§ Work instructions
The material below includes pictures; leave them out and return only the lines between the line containing "25th Annual Elder" and the line containing "8 Advantages of a Company in Ireland", inclusive, word for word.

§ Provided records

== == ==

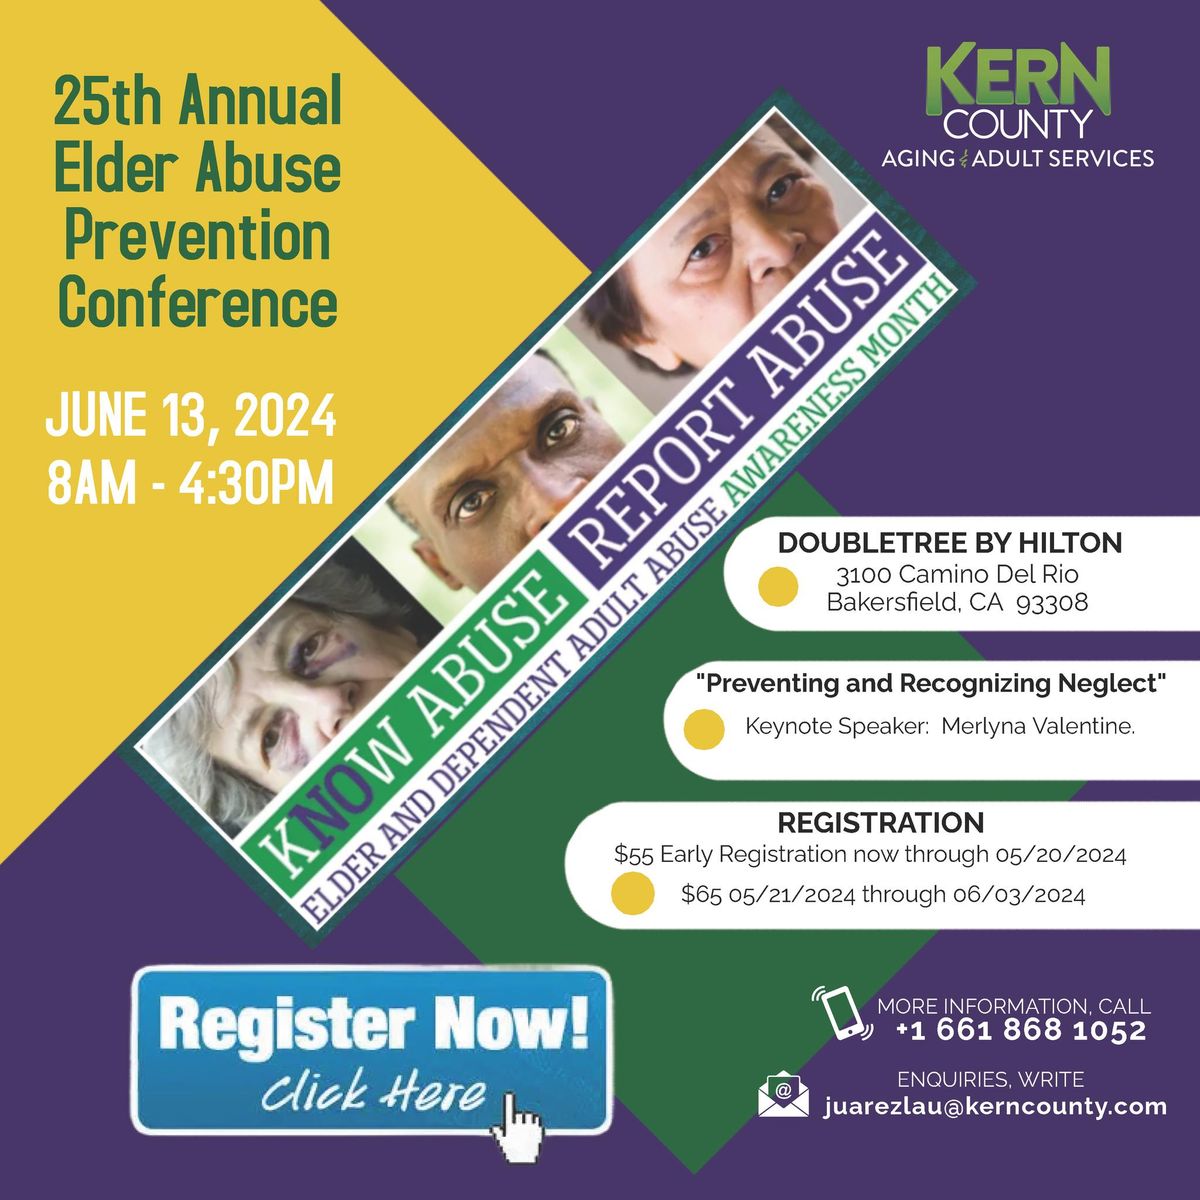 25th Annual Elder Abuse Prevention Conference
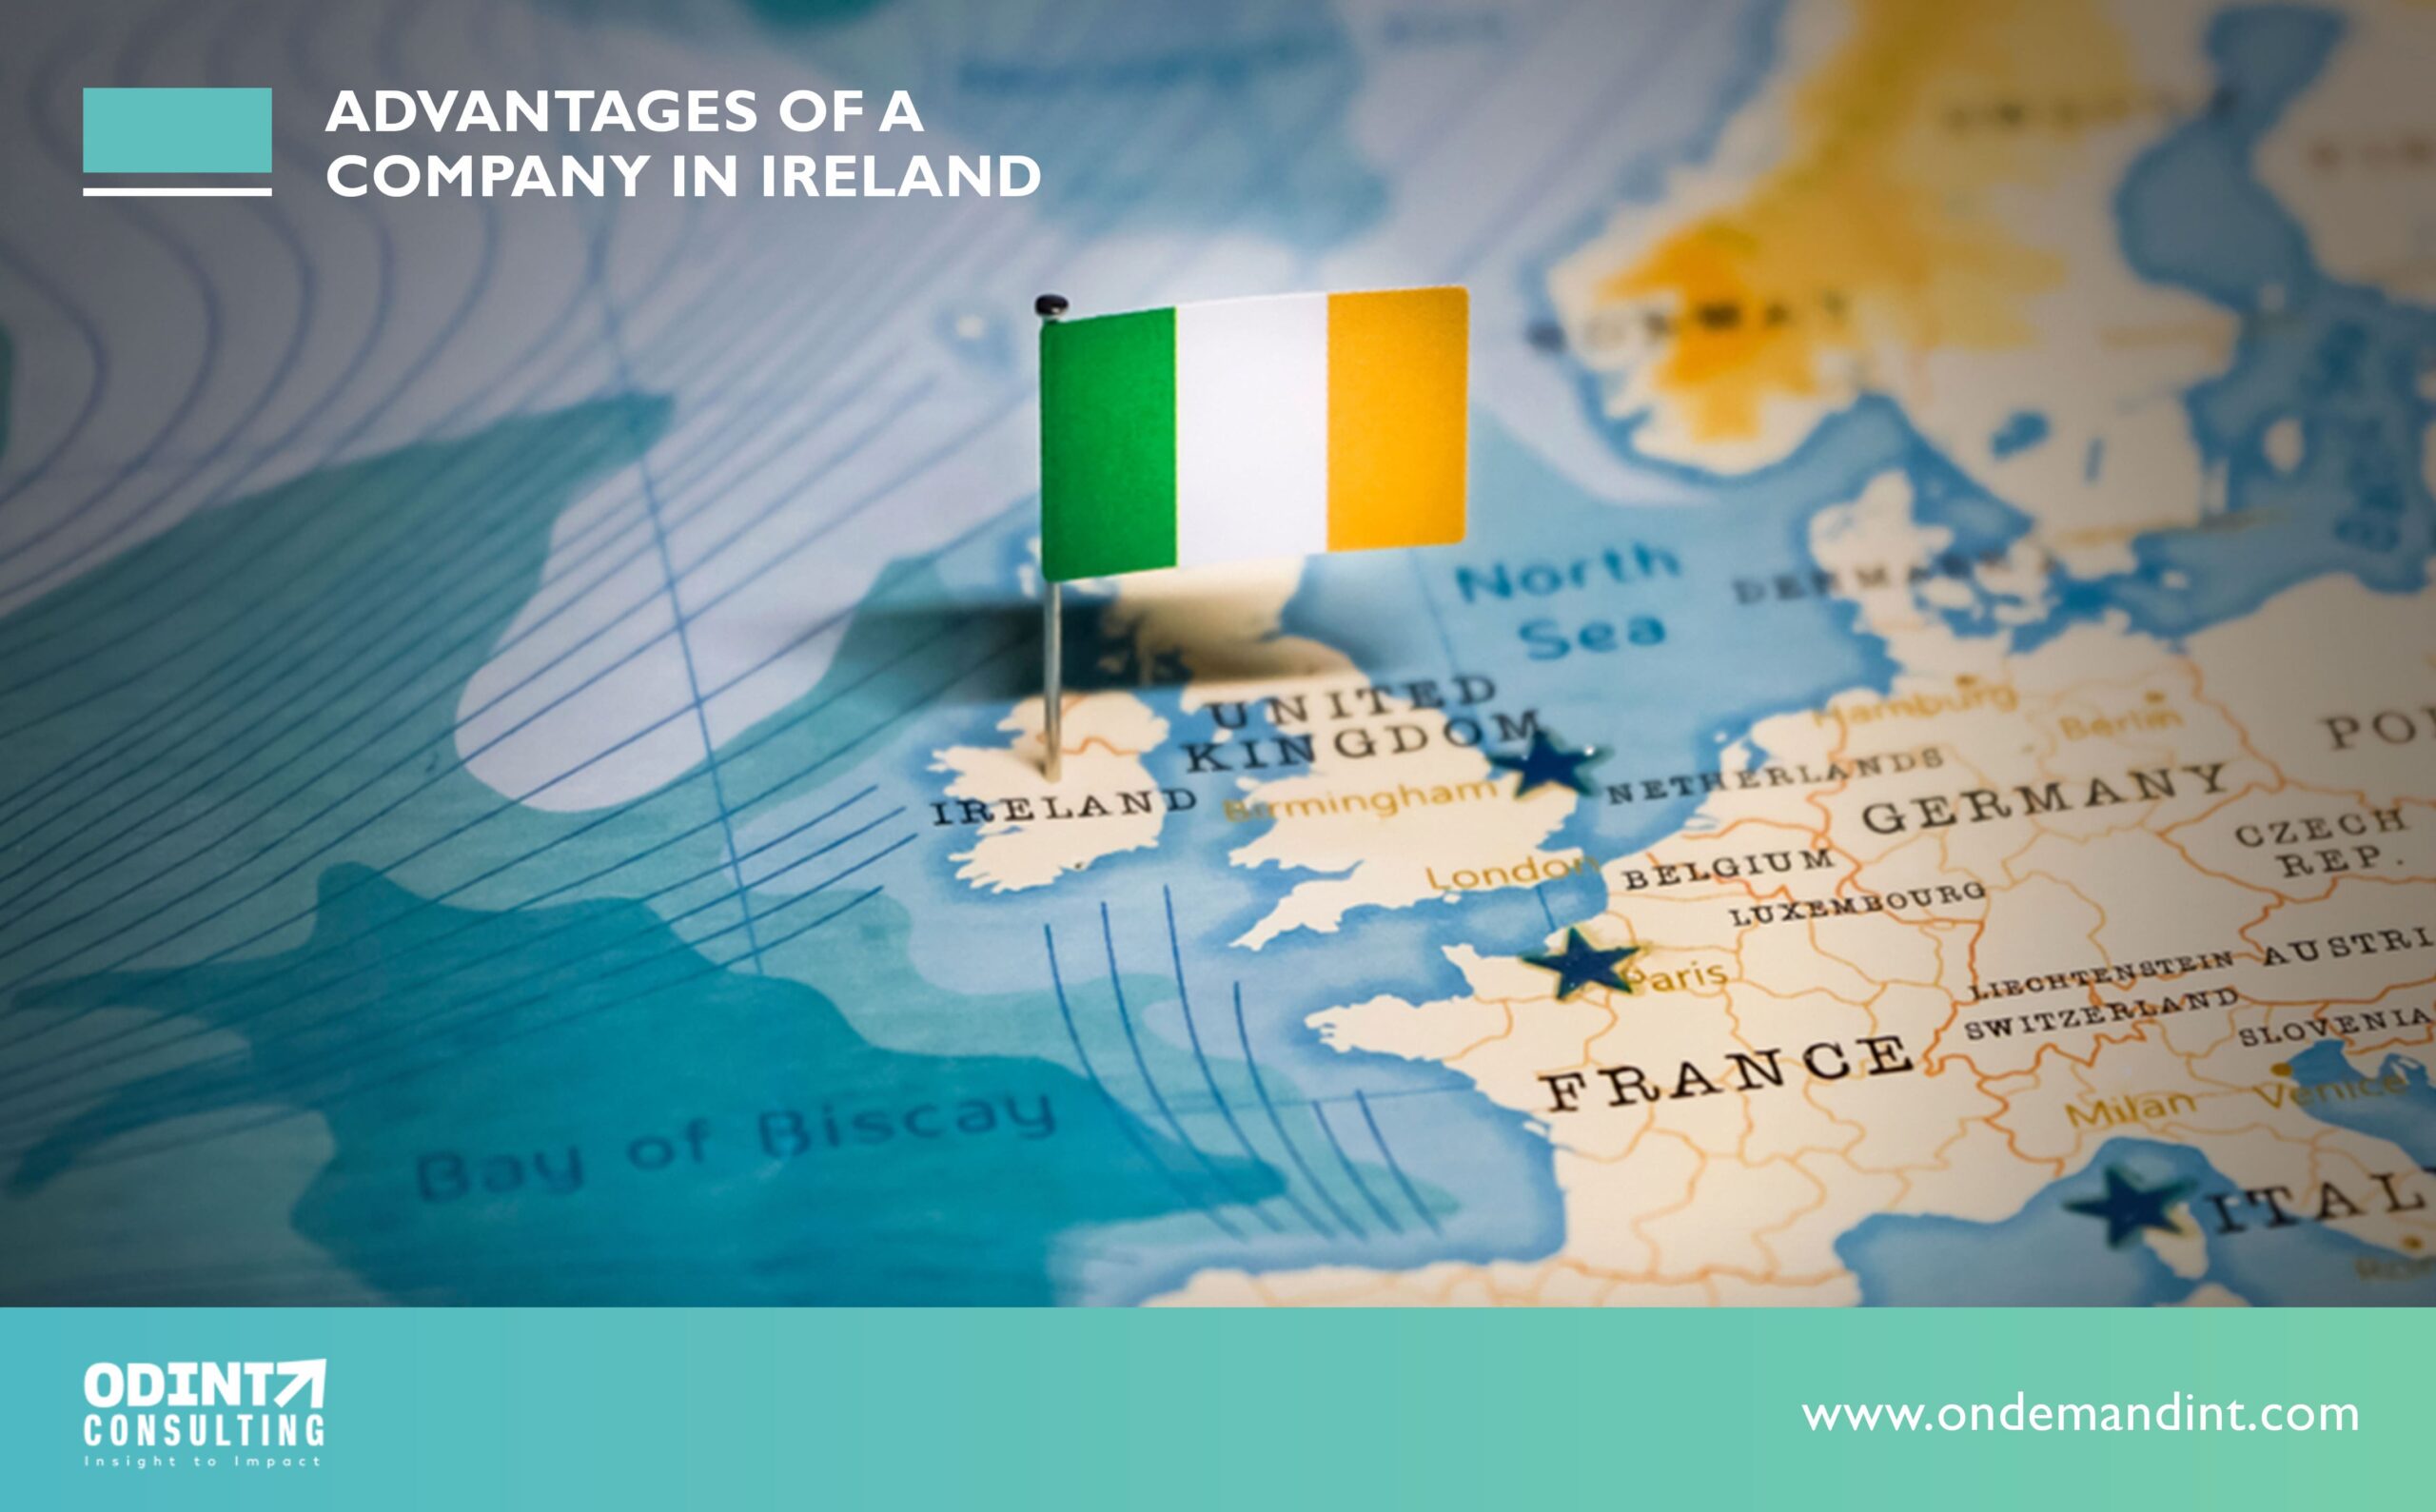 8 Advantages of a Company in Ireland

== == ==

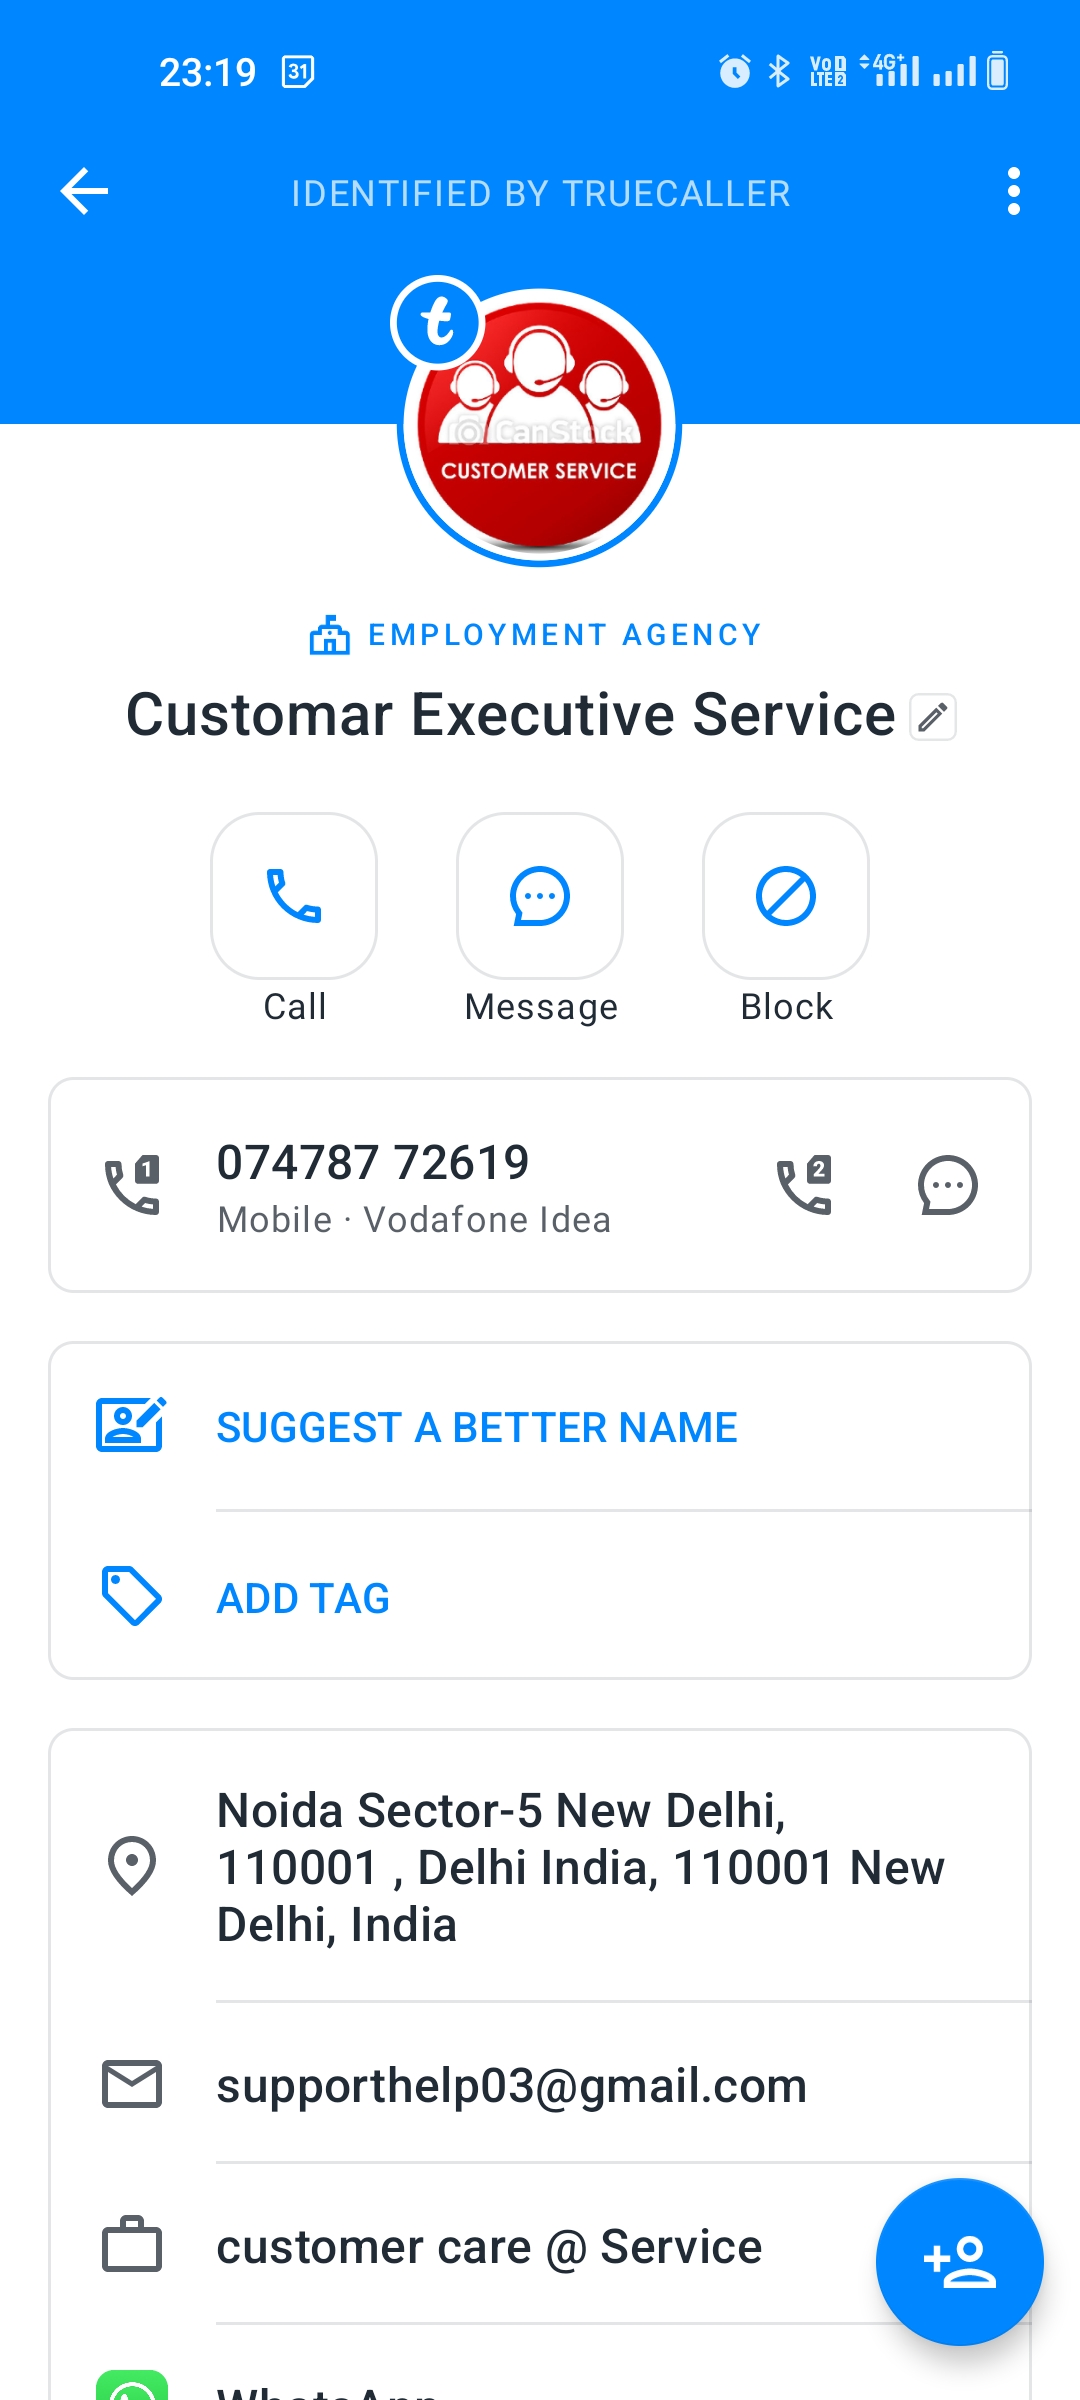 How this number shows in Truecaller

== == ==

§ Solution to this problem
 25th Annual Elder Abuse Prevention Conference
 8 Advantages of a Company in Ireland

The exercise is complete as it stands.